Tuesday, January 08, 2008

David Blunkett doesn't get social mobility

I've just listened to the Today program (BBC Radio 4) give David Blunkett ( the disgraced former Labour home secretary ) time for a long rant that explains his basic lack of a grip on real life.

Oh yes he's had it hard - and then easy - and then was caught out. But what he said goes in part to explain why Labour just can't get to grips with the issue of helping people for fill their potential. ( I hate the term social mobility as it implies an element of class war and also losers being required as well as winners ).

As an example Mr Blunkett used a lad from Sheffield who's ambition was to become a air conditioning engineer. Mr Blunkett started to say there was nothing wrong with that - but then went on to imply the opposite by saying if he's been born in the right part of Sheffield he's have done work experience with doctors and lawyers. ( Not that doctors job prospects look too good under Labour ).

Now how can Labour politicians moan on about vocational qualifications and by implication jobs being of equal value and respect and then come out with that ? Perhaps this young man needed more options laid out in front of him, but if he follows his original idea he's going to do quite allright thank you. If the education system should be doing anything it should be adding to that ambition of making him an air conditioning engineer who runs his own business. This young man will make far greater contributions to society than a fist full of David Beckham studies, media studies, politics graduates ever will.

I know men in mid life who have degree and white collar jobs who are retaining to be plumbers and electricians so they can have more job satisfaction, work for themselves and contribute more. They are much more for filled for doing it.

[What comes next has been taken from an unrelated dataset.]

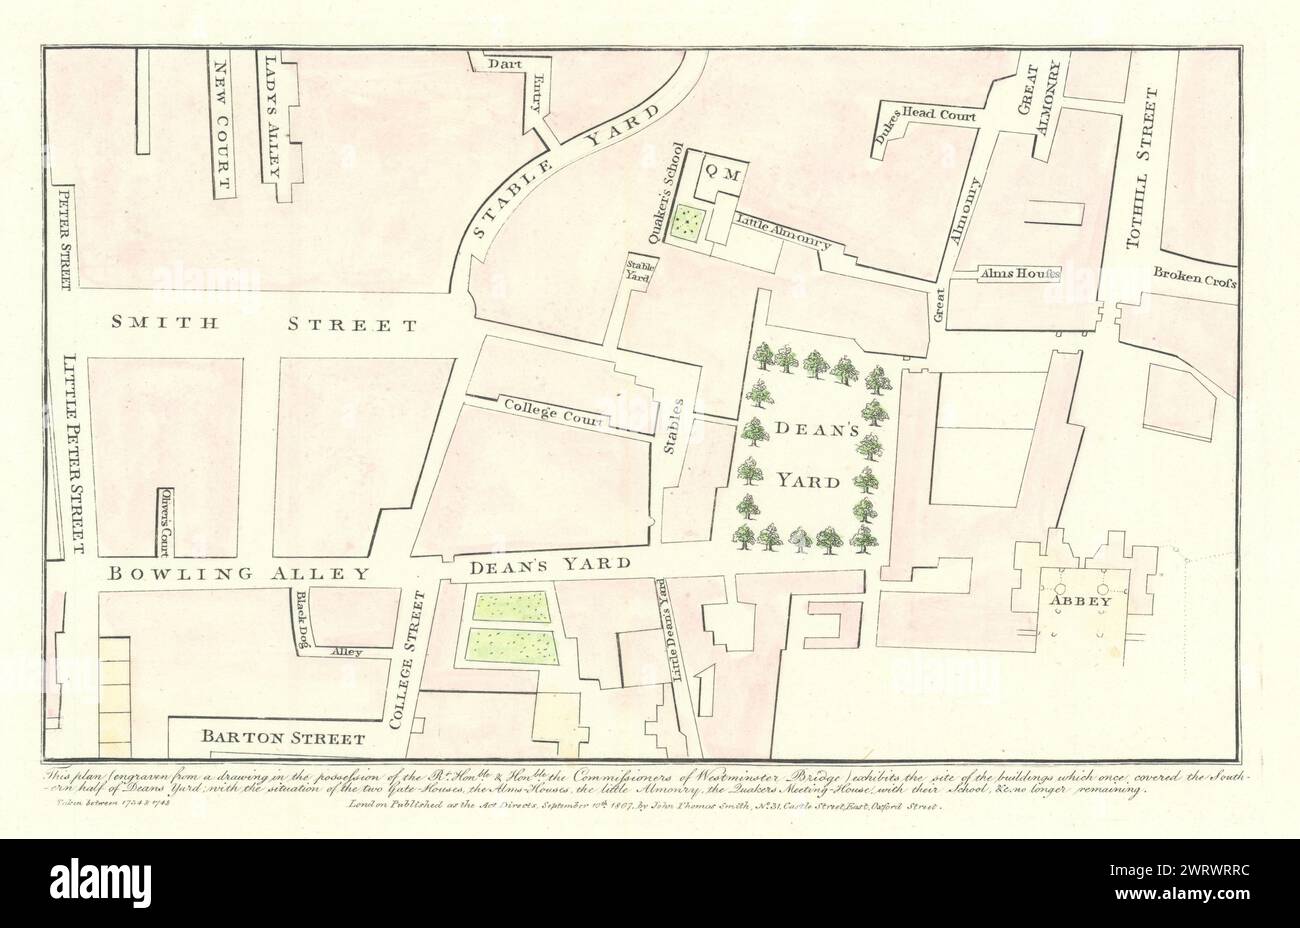 Plan of Dean's Yard, Smith Street e Westminster Abbey, 1734. J.T. SMITH mappa del 1807 Foto Stock

Blunkett thinks the best idea is to tax higher earners on their child benefits. So the government takes the money in tax, pays to administer the child benefit system, pays the money back, then pays to administer a complex system to retrieve the money back again to spend on a scheme which will no doubt employ a lot of Guardian / Independent readers in a pseudo jobs preaching to kids. ( Do you see the only real effect is to bloat the state [ups Labour's payroll vote] and employ more youth specialists [assumed to vote - um let me see - Labour ] whilst taxing the people who disagree with the policy the most).

I suspect the underlying problem with a lot of Labour party politicians is guilt. Its guilt they developed at University as they tried to drop their middle class accents and hide their public/grammar school educations by campaigning for education for the 'under privileged and working class'. The problem is they have no idea what such people really want, but just assume it must be to be like them. The "I had the opportunity" which must be spread argument.

There are a good number of Conservative MPs who have exactly the experience many of these Labour champaign socialists lack who have come to different conclusions - David Davis, Nadine Dorries, John Major for example.

I've argued before very efficient social sorting by ability, which is what high social mobility means, will create an under class devoid of hope and talent which due to housing structure will be even more concentrated together. Does anyone think that will work well ?

The BBC should challenge Mr Blunkett's assumptions, only most of the BBC employees had the same University experience of middle class guilt, which makes thinking differently impossible for them also.